--- Records shown Enclosed Below ---
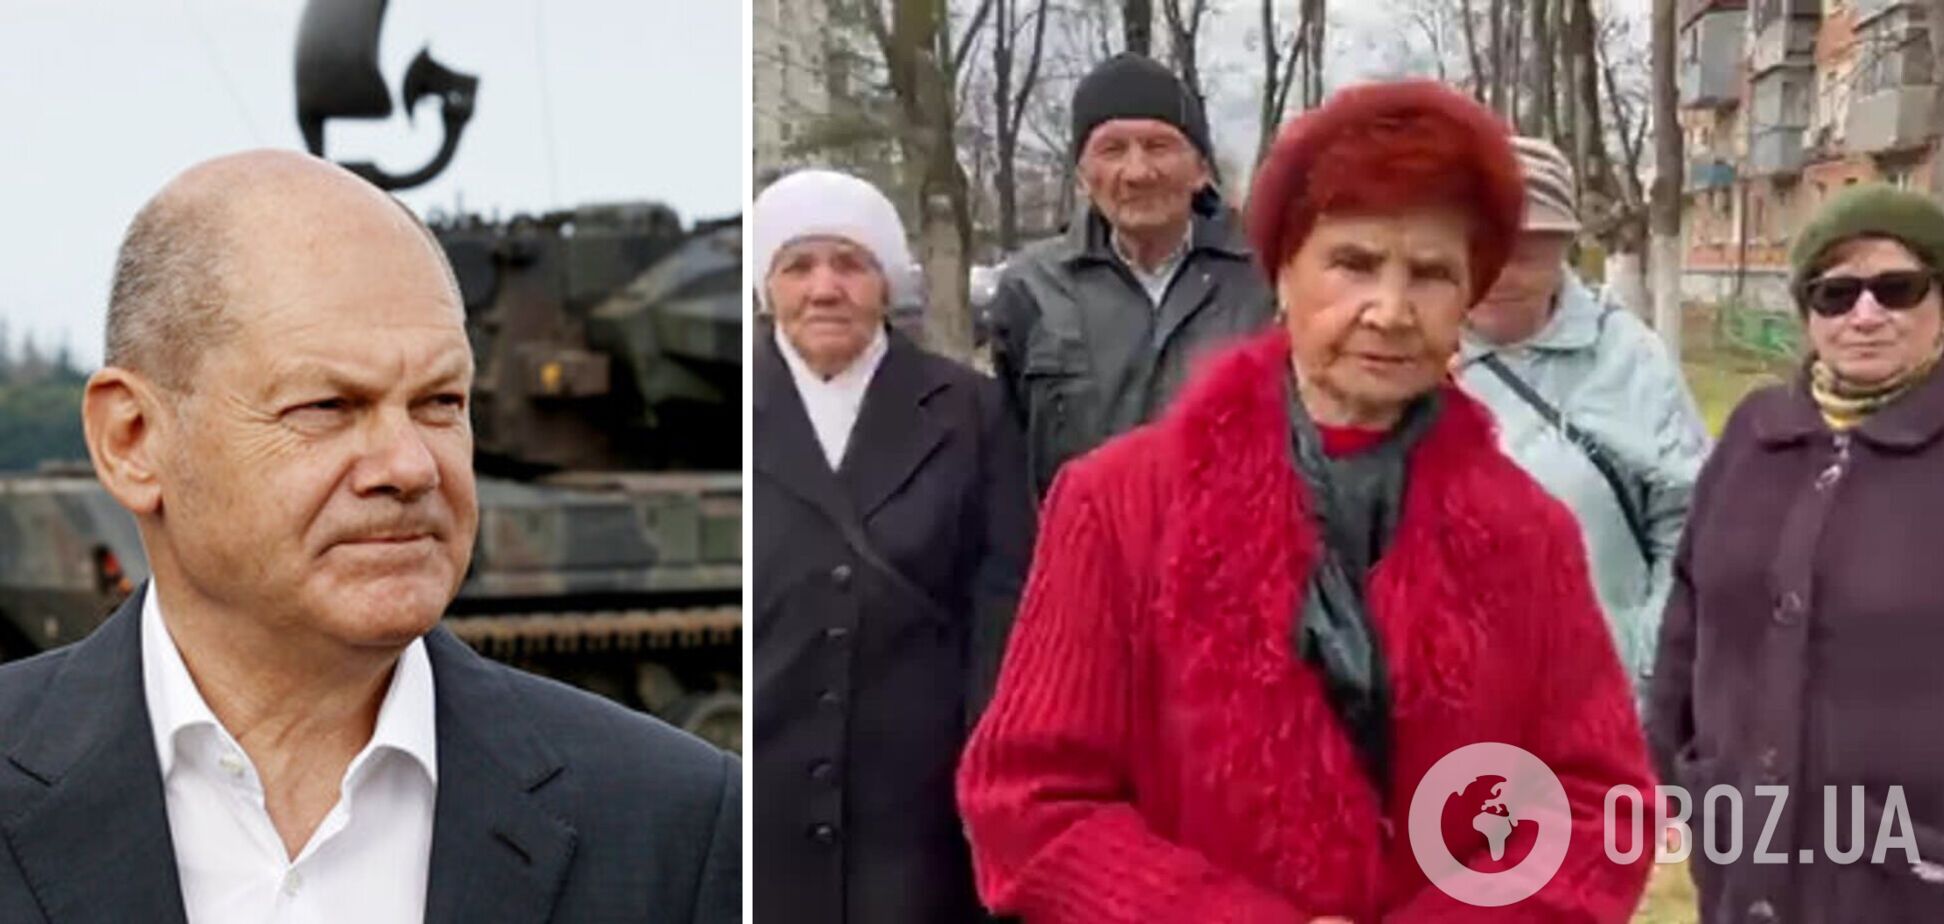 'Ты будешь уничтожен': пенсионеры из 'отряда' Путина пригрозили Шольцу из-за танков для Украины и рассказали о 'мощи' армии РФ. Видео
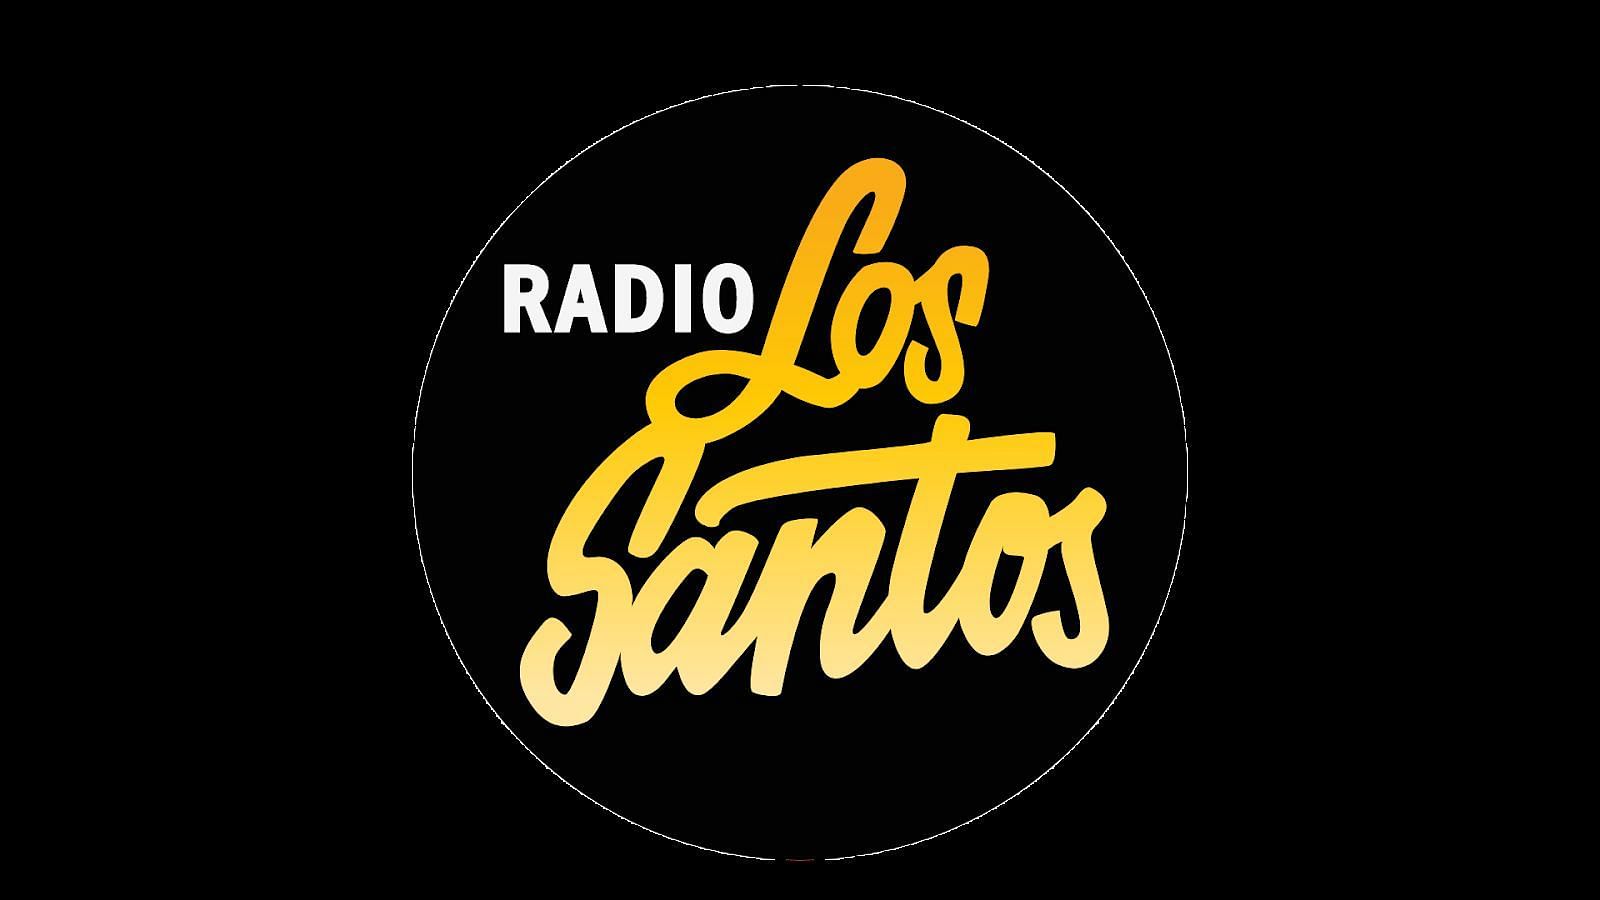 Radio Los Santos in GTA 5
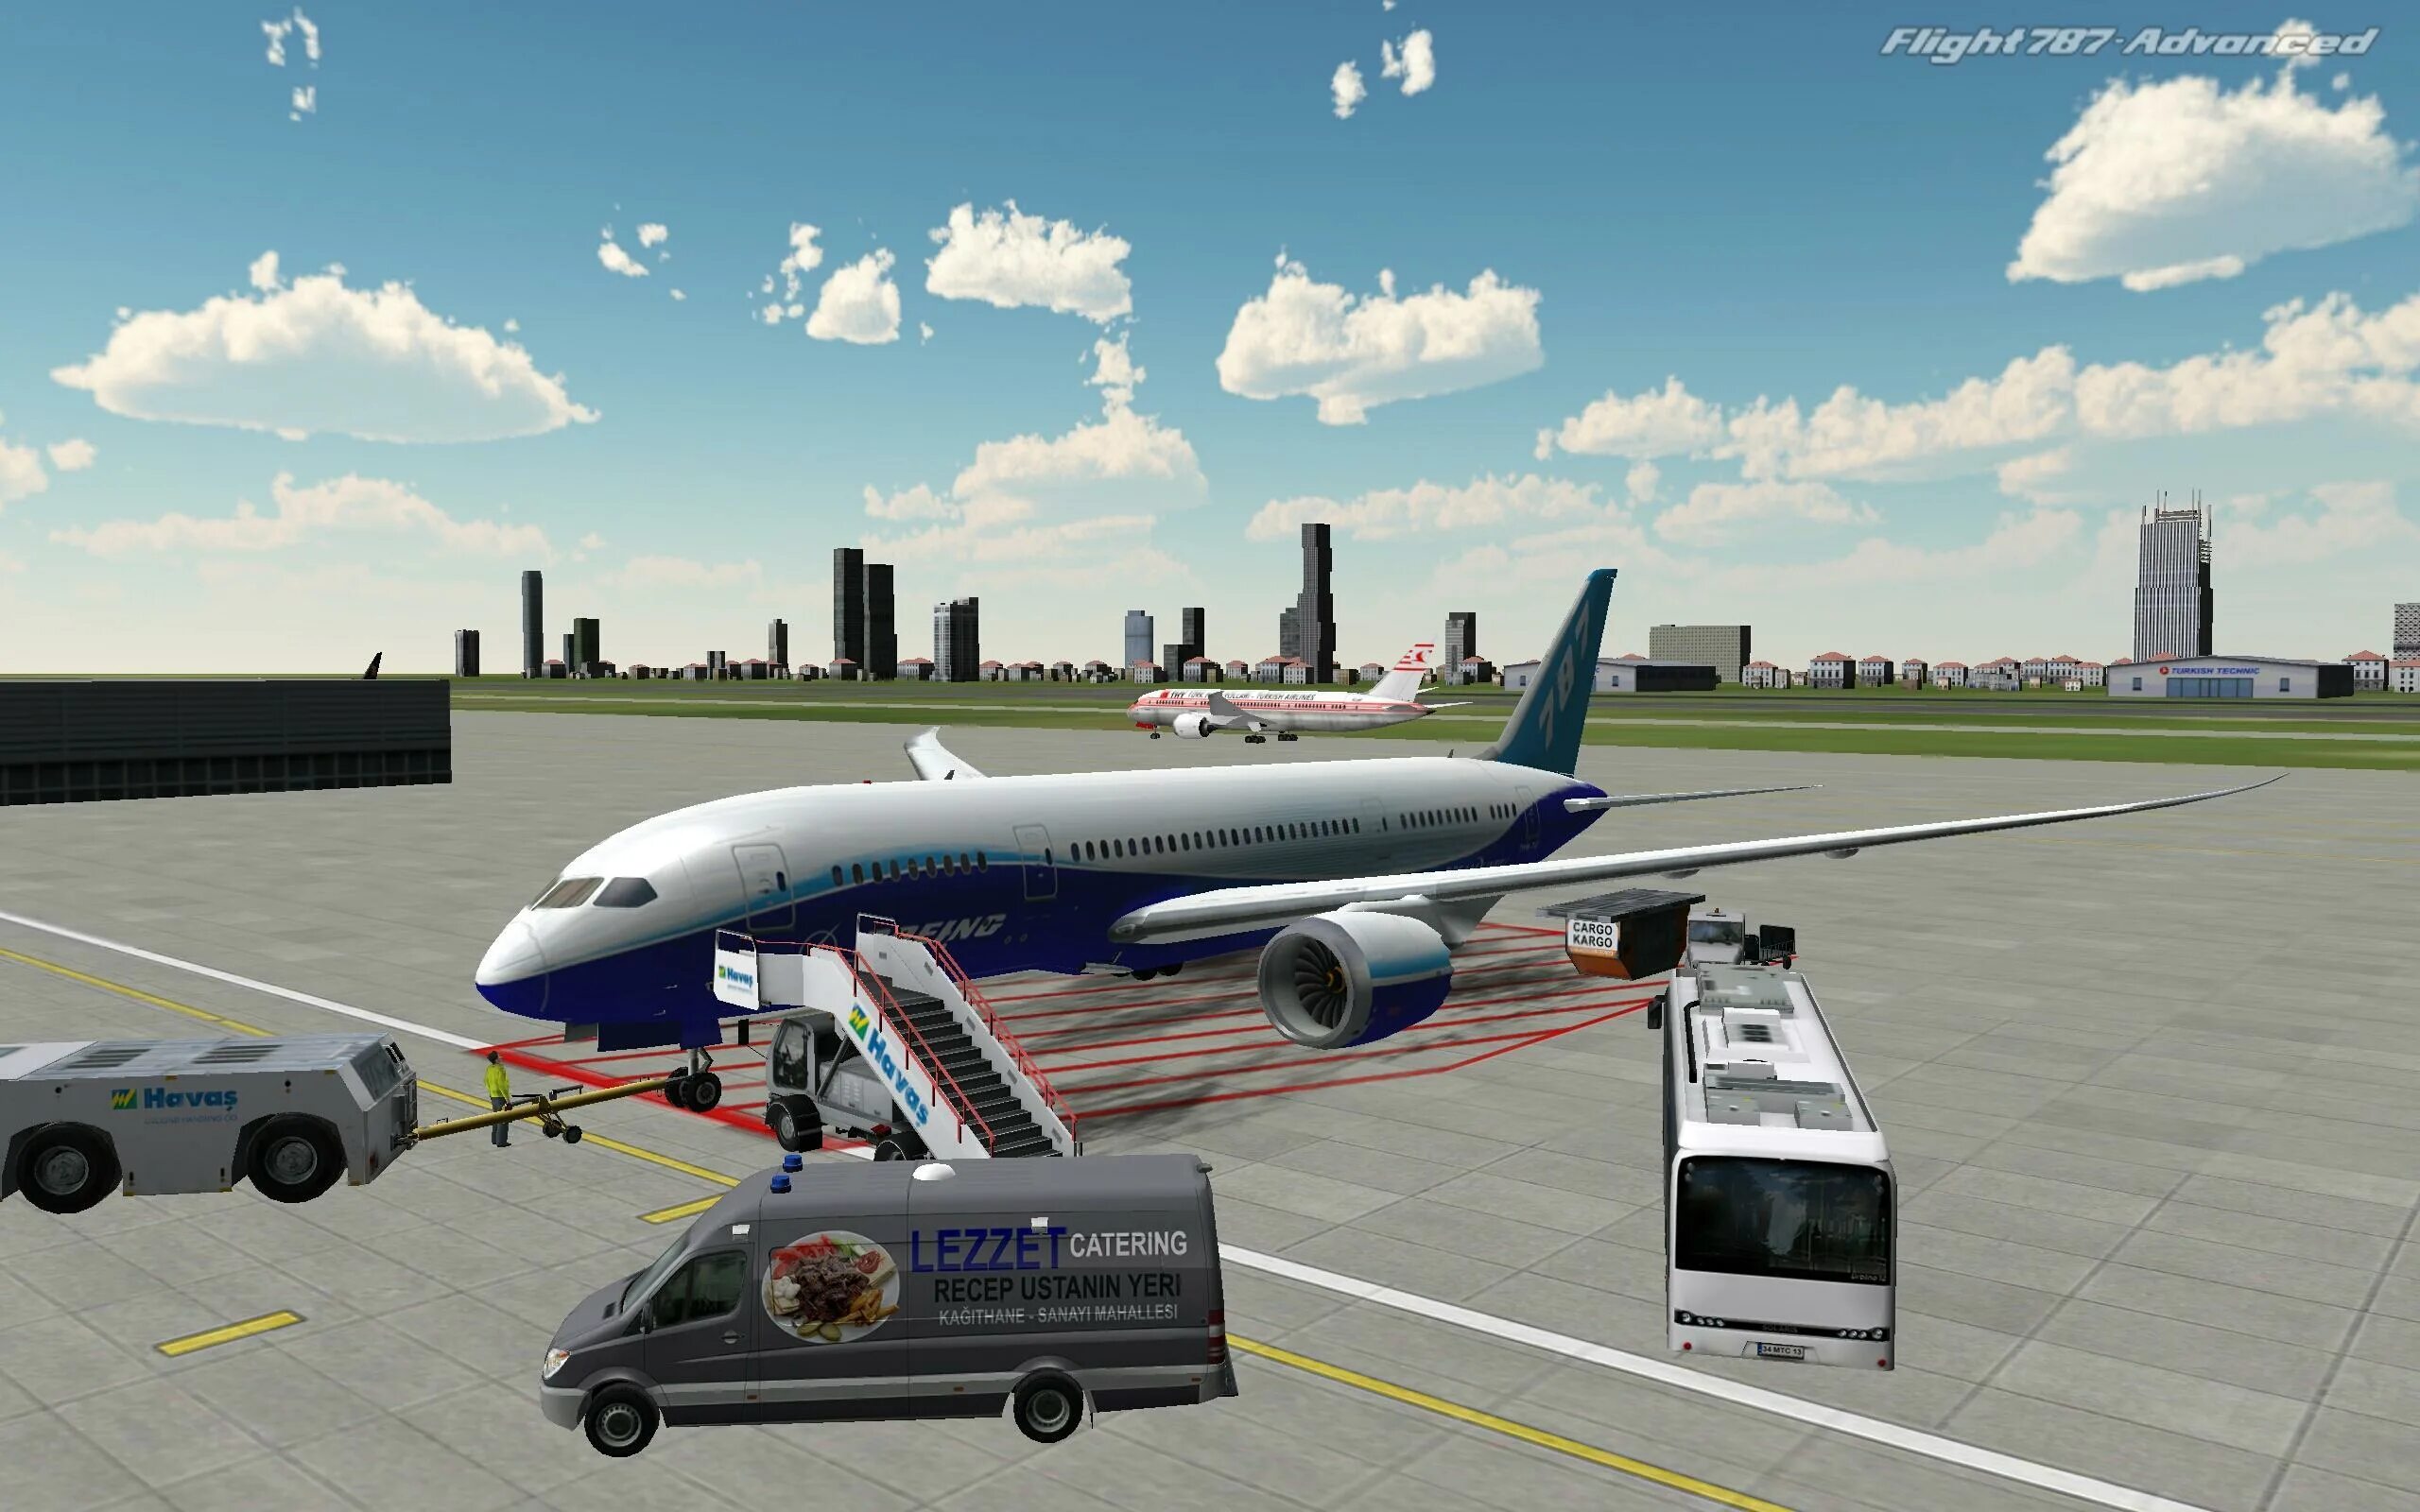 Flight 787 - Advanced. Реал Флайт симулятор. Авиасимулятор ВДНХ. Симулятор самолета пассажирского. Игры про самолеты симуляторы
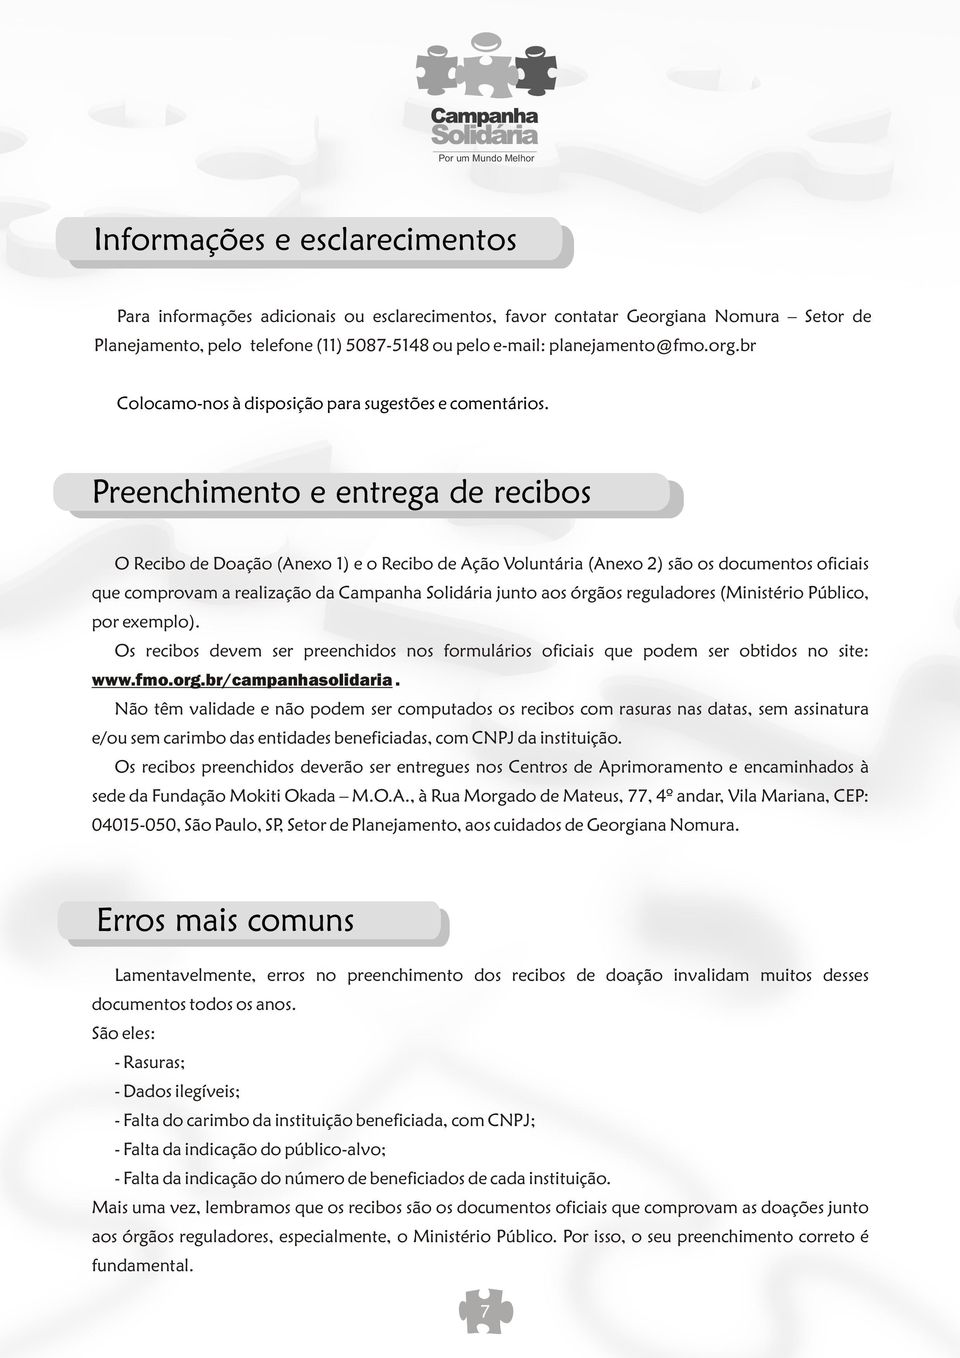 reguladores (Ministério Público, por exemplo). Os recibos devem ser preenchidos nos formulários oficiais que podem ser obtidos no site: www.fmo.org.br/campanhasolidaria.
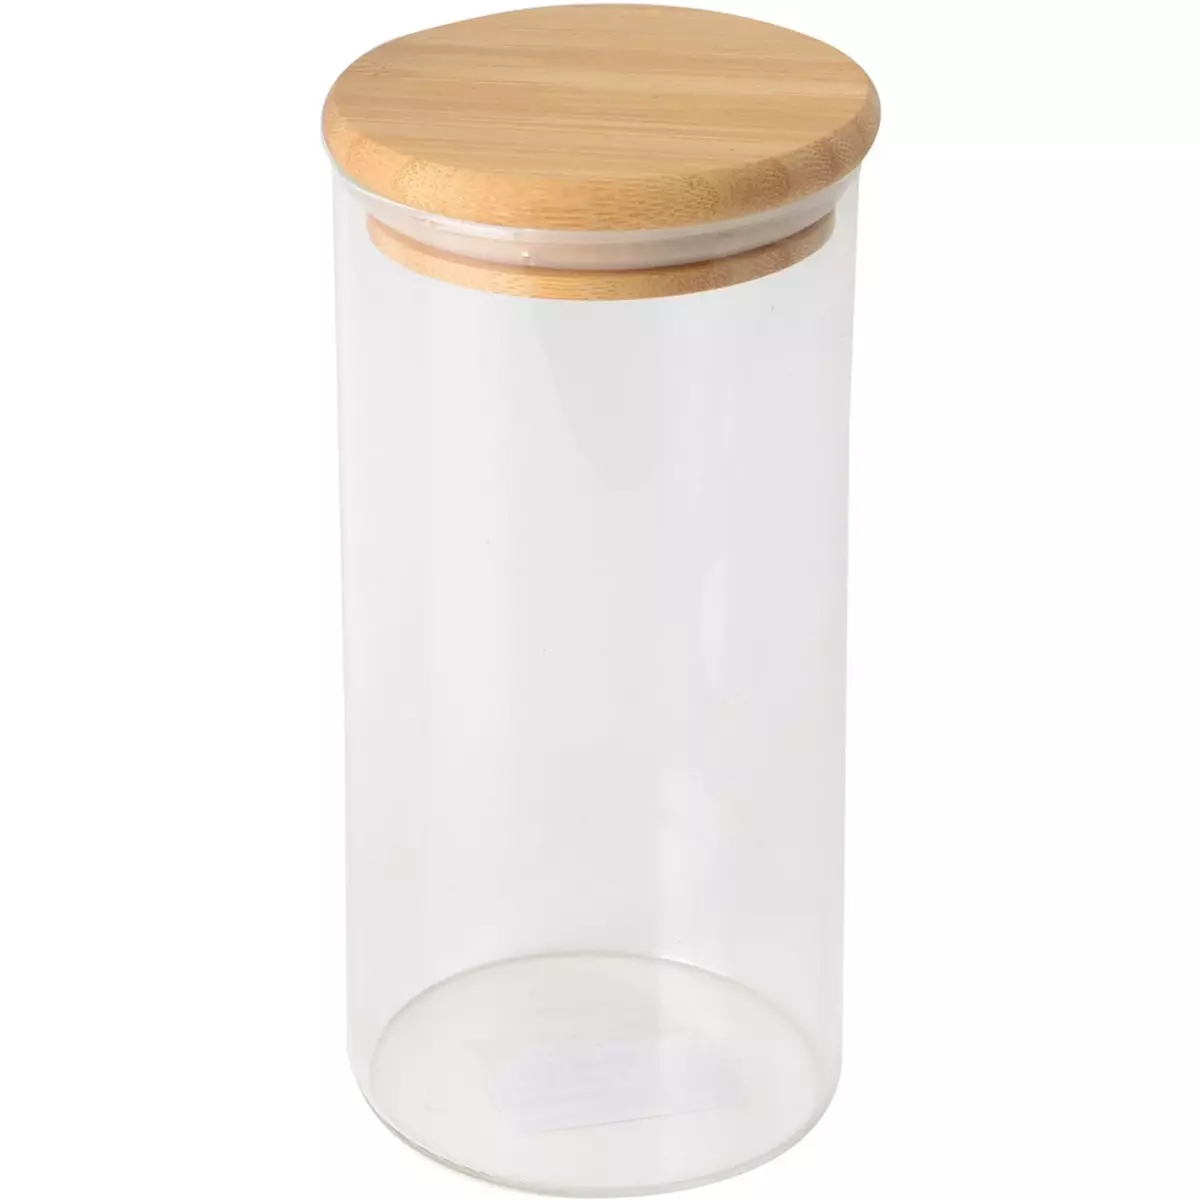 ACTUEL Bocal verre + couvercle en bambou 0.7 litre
--- End of Enclosed Records shown ---
### To do
The answer must reproduce every line of the records above exactly, with all pictures left out.

### Exercise answer
 'Ты будешь уничтожен': пенсионеры из 'отряда' Путина пригрозили Шольцу из-за танков для Украины и рассказали о 'мощи' армии РФ. Видео
 Radio Los Santos in GTA 5
 Flight 787 - Advanced. Реал Флайт симулятор. Авиасимулятор ВДНХ. Симулятор самолета пассажирского. Игры про самолеты симуляторы
 reguladores (Ministério Público, por exemplo). Os recibos devem ser preenchidos nos formulários oficiais que podem ser obtidos no site: www.fmo.org.br/campanhasolidaria.
 ACTUEL Bocal verre + couvercle en bambou 0.7 litre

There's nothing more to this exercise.